Explain: If this is the first time you see a backtracking algorithm code, above code may seems a little weird to you. But it is actually very straightforward and common backtracking code. Here is few things I want to point out:
                      1. At line 11, we add current temp list into final results without any checking, because we need every possible combination as a part of answer in this problem. We may need to check certain properties before we add it into result list in other harder problems.
                   
                      2. At line 15, notice the for loop start from s ( start point) to end of the list, otherwise we will have many duplicate subsets. Besides, every recursive branch will have a different start point.
         
                     3.  Line 21 is a very crucial line of code, which make this algorithm works properly. This line of code will remove local added element from temp list and let it try other possible combination.

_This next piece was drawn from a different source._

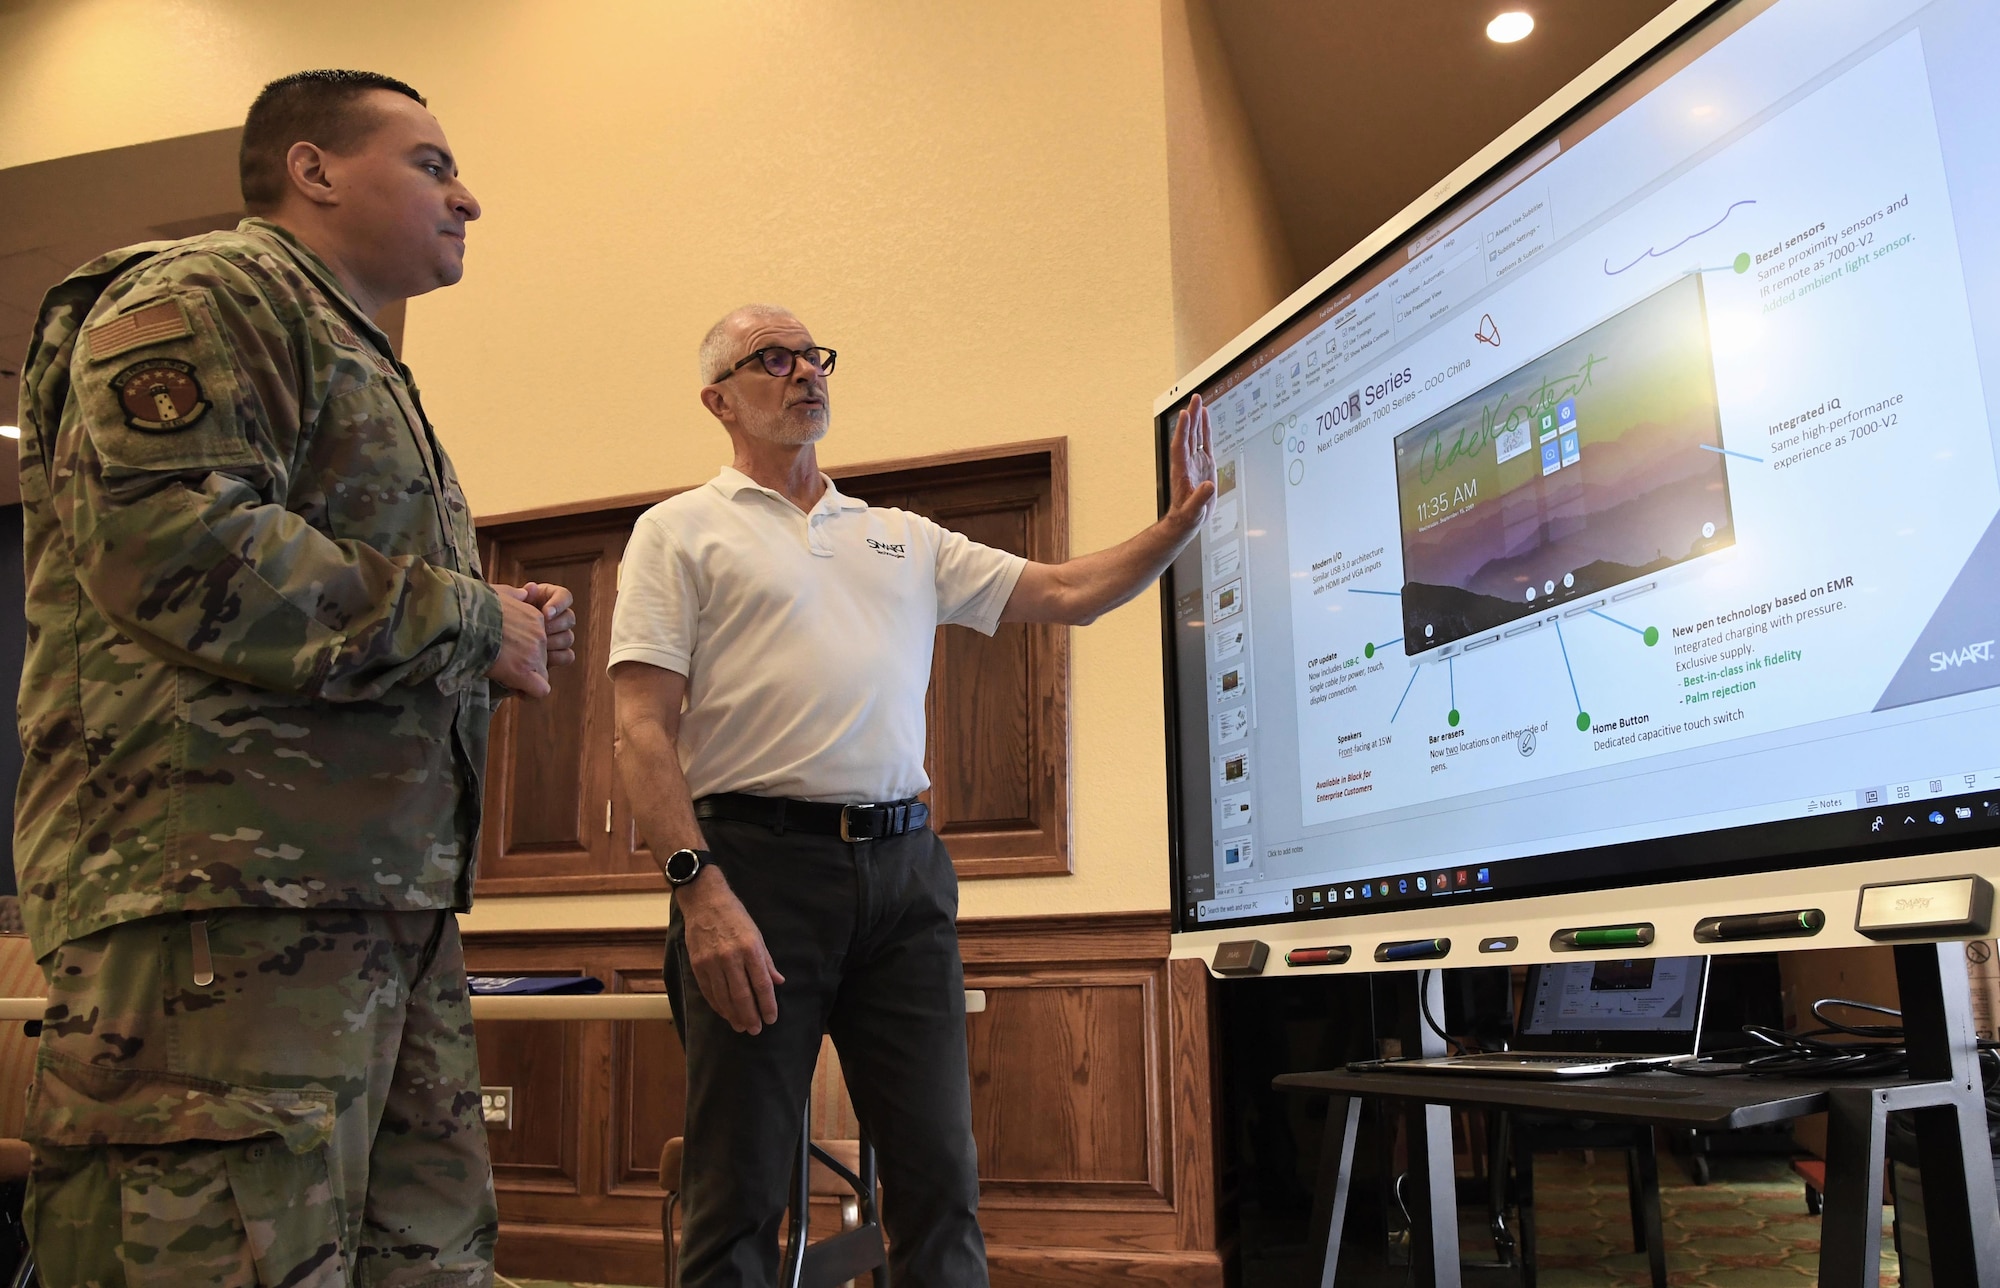 Gary Waliszewski, SMART Technologies federal systems group manager, explains the smart board training capabilities to U.S. Air Force Lt. Col. Nelson Caraballo, 85th Engineering Installation Squadron commander, during the Annual Keesler Air Force Base Tech Expo inside the Bay Breeze Event Center at Keesler Air Force Base, Mississippi, Feb. 11, 2020. The expo, hosted by the 81st Communications Squadron, was held to introduce military members to the latest in technological advancements to bolster the Air Force�s capabilities in national defense. (U.S. Air Force photo by Kemberly Groue)
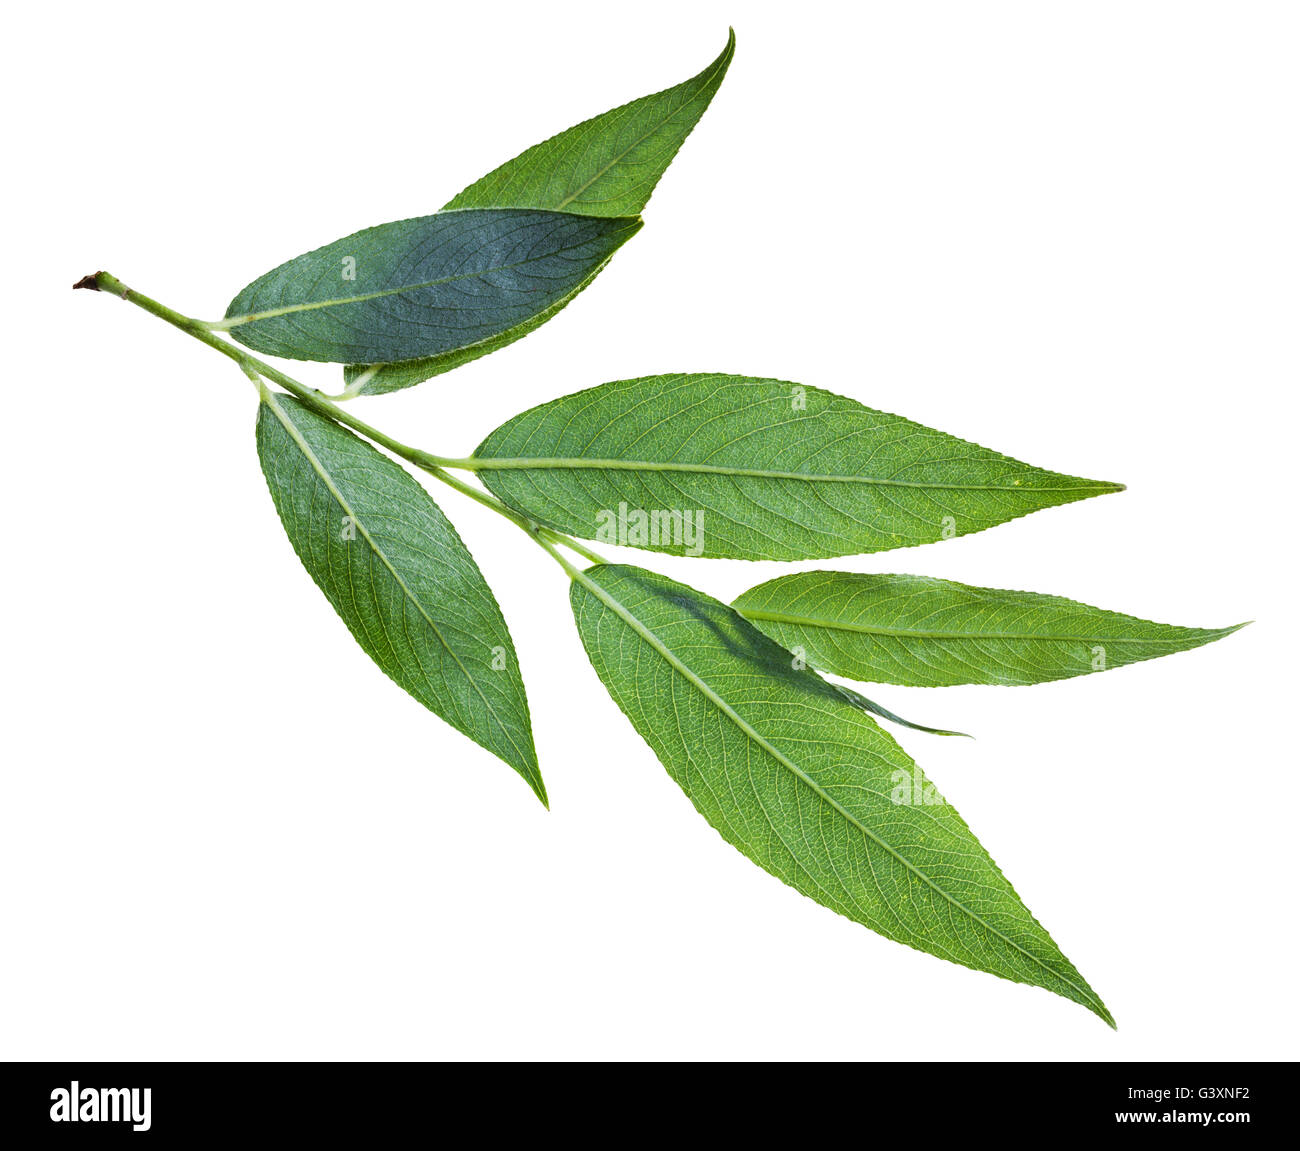 branch with green leaf (back side) of willow (Salix acutifolia, sharp-leaf willow) isolated on white background Stock Photo

For example for the example [ 1 , 2 , 3 ] above, after had [], [1], [1, 2], [1,2,3], recursive call will return, and this line of code will remove 3, then 2 from the list,which then we could try [ 1, 3] and have it in our results. ( It is very helpful that using pen and paper to trace what actually happened after recursive call return).

           Example 2: Subsets 2 

Given a collection of integers that might contain duplicates, nums, return all possible subsets.

Note: The solution set must not contain duplicate subsets.

For example,
If nums = [1,2,2], a solution is:

[

[2],[1],[1,2,2],[2,2],[1,2],[]

]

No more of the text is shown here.